2. In silico tryptic protein digestion

You will also need to create a file of peptides with their corresponding protein. Feel free to use your own in silico digestion tool. We have a tool available on the Northomics GitHub.

NOTE: These steps can be very slow with large databases. We recommend you split your files and run in parallel if possible.

3. Extracting relevant terms from UniProtKB using Bash

Once you have prepared your matched peptide and protein files, you're ready to start annotating. From the large UniProtKB annotation file only select the UniRef90 terms which correspond to an eggNOG term. This following process is done with Bash, a Unix shell. (This can be done with any annotation type.)

## this is to get the UniRef90 and eggNOG annotations of proteins
grep 'eggNOG\|UniRef90' idmapping.UniprotKB2all.dat > eggNOGUniRef90.idmapping.dat  #get the lines which contain UniRef90 and eggNOG terms

The file will be very large, so in order to make it easier to work with in RStudio, you can split the dataset into smaller fractions.

wc -l eggNOGUniRef90.idmapping.dat #count the number of lines in the file
split -l 1000000 eggNOGUniRef90.idmapping.dat UR2eggNOG #split the dataset into 1M-line files with names UR2eggNOGaa etc.

4. Selecting for useful data using R

In RStudio, you will need to load the tidyverse package, which contains commands used in the processing of data.

## this is to select for the proteins which have an eggNOG annotation
install.packages(tidyverse)
library(tidyverse)

Next, filter each fraction to only include the UniRef90 terms which have corresponding eggNOG terms. For each fraction, import the dataset into the R environment under "File" > "Import Dataset" > "From text (base)".

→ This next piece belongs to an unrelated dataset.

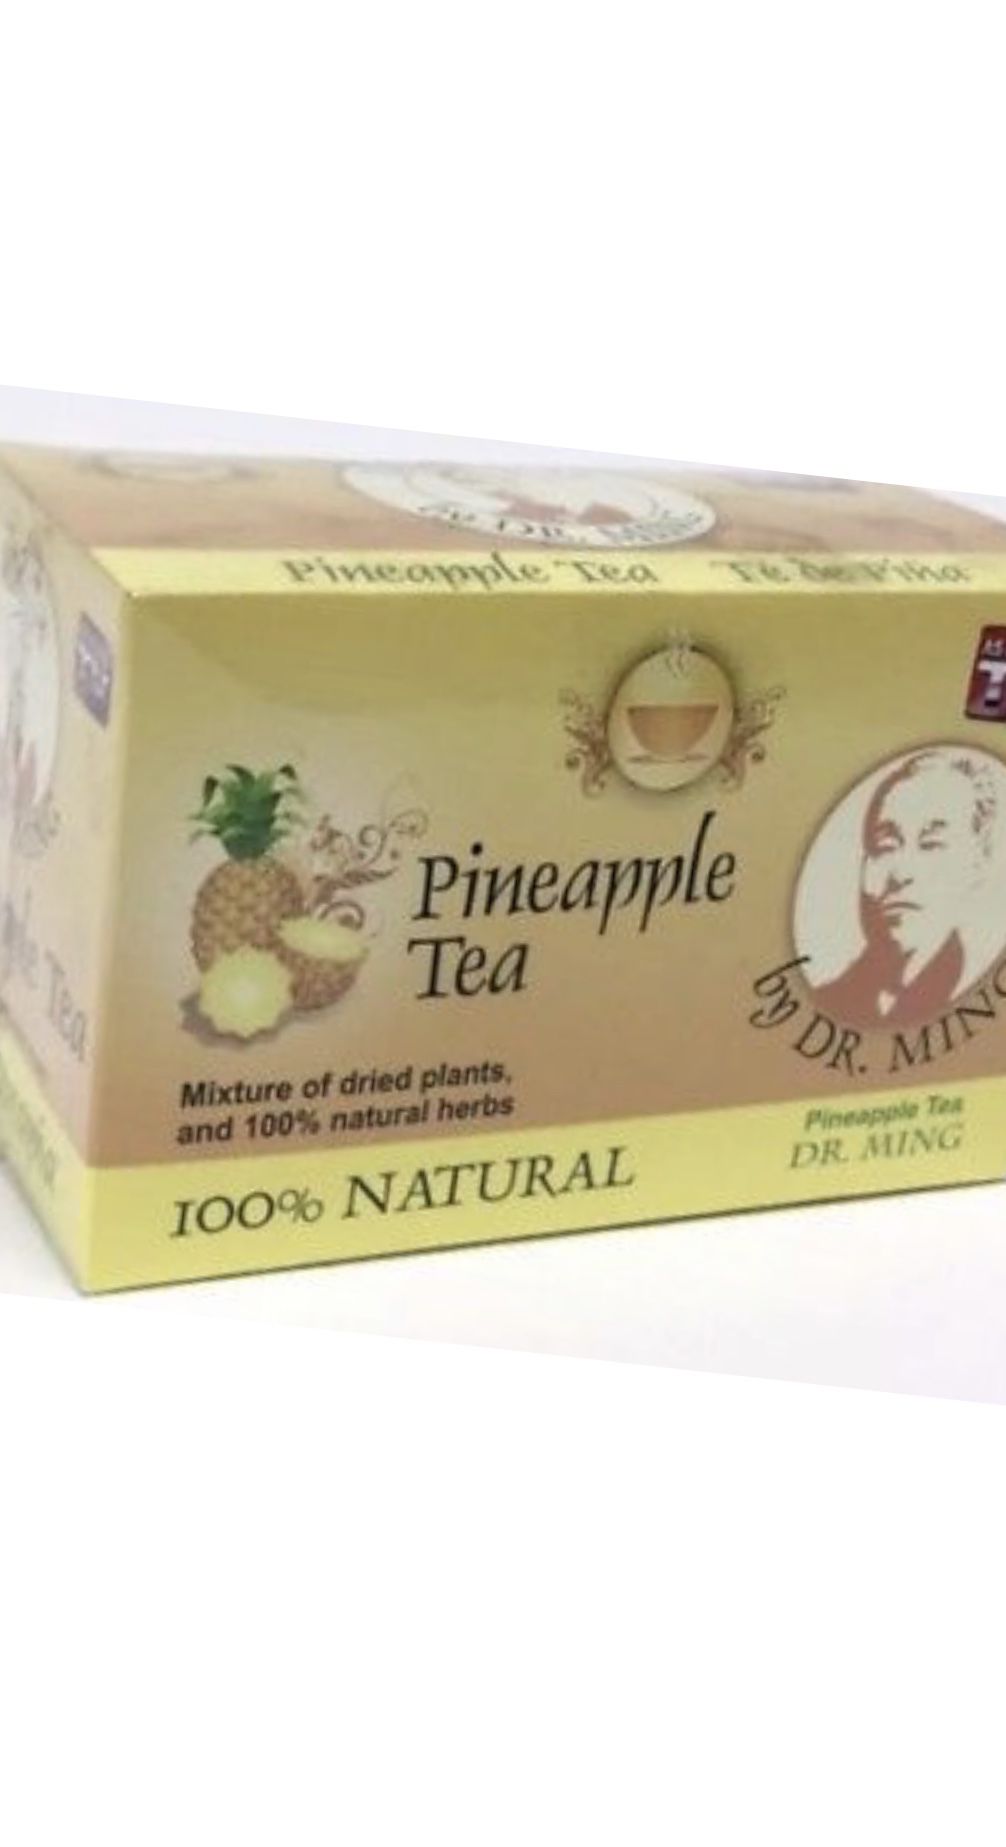 2 Boxes Dr Ming Pineapple Tea 30 Bags Original-te De Pina Pinaterapia Detox  for Sale in Miami, FL - OfferUp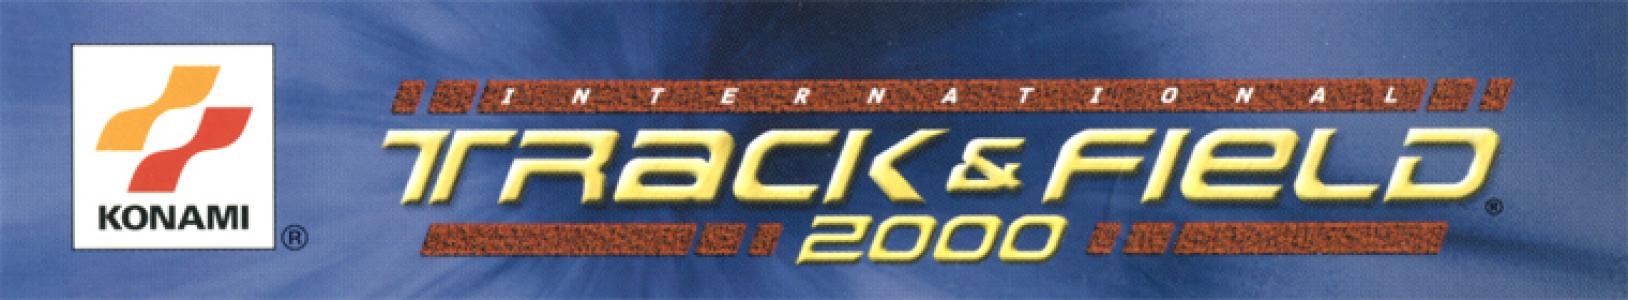 International Track & Field 2000 banner

# repeat for each UR2eggNOG dataset
# choose "File", "Import Dataset"
mydata1 <- UR2eggNOGaa #rename dataset
mydata1a <- mydata1 %>% rename(ID = V1,
                   AnType = V2,
                   AnID = V3) #rename columns
mydata1b <- mydata1a %>% 
  pivot_wider(names_from = AnType,
              values_from = AnID) #matches the eggNOG terms to the corresponding UniRef90 terms, using the UniProtKB ID
mydata1c <- mydata1b %>% filter(eggNOG != "NULL") #get rid of rows w/out both eggNOG and UniRef90 annotations

Combine all the processed fractions into one dataset. It is important to note that sometimes a fraction may contain "list" type data in a column, and this must be converted to "character" type data to be combined. This is done using the unnest() command, as shown below.

mydata1d <- unnest(mydata1c, UniRef90) #converts a dataset where the UniRef90 column was of the "list" class to a "character" class
allmydata <- bind_rows(mydata1d, mydata2c, ...) #this will combine all the processed dataframes into one by columns

With the processed UniRef90-to-eggNOG dataset, it is now possible to combine all the data. Create a peptide-protein-UniRef90-eggNOG dataset, so that each peptide is matched with all the eggNOG terms which it may correspond with.

Pep2Prot <- select(Pep2Prot, -X) #get rid of extra column in imported dataset
Prot2UR <- select(Prot2UR, -X) #same
Pep2Prot2UR <- left_join(Pep2Prot, Prot2UR) #joins the datasets by the values of the "Protein" column. Values must be of same type in both datasets
Pep2Prot2UR2eggNOG <- left_join(Pep2Prot2UR, allmydata) #joins datasets by "UniRef90", the common column name
P2P2UR2Ea <- Pep2Prot2UR2eggNOG %>% filter(eggNOG != "NULL") #filters out any peptides without an eggNOG annotation
P2P2UR2Eb <- select(P2P2UR2Ea, -ID) #get rid of ID column, which is no longer necessary
P2P2UR2Ec <- unnest(P2P2UR2Eb, eggNOG) #some peptides have >1 eggNOG terms, which are in a list. This expands them to give each eggNOG term its own row

Summarize the frequency with which a peptide belongs to any eggNOG term by adding up the times which it corresponds to a given eggNOG term.

#counting frequency of peptide occurrence in eggNOG terms
count_Pep2eggNOG <- P2P2UR2Ec %>% count(Peptide, eggNOG) #counts the number of times each peptide occurs in any eggNOG annotation

Finally, save your dataset as a .csv file.

write.csv(count_Pep2eggNOG, file = "MyPepFunkDataset.csv") #prints the dataset as a .csv file

Your database is ready for use in pepFunk!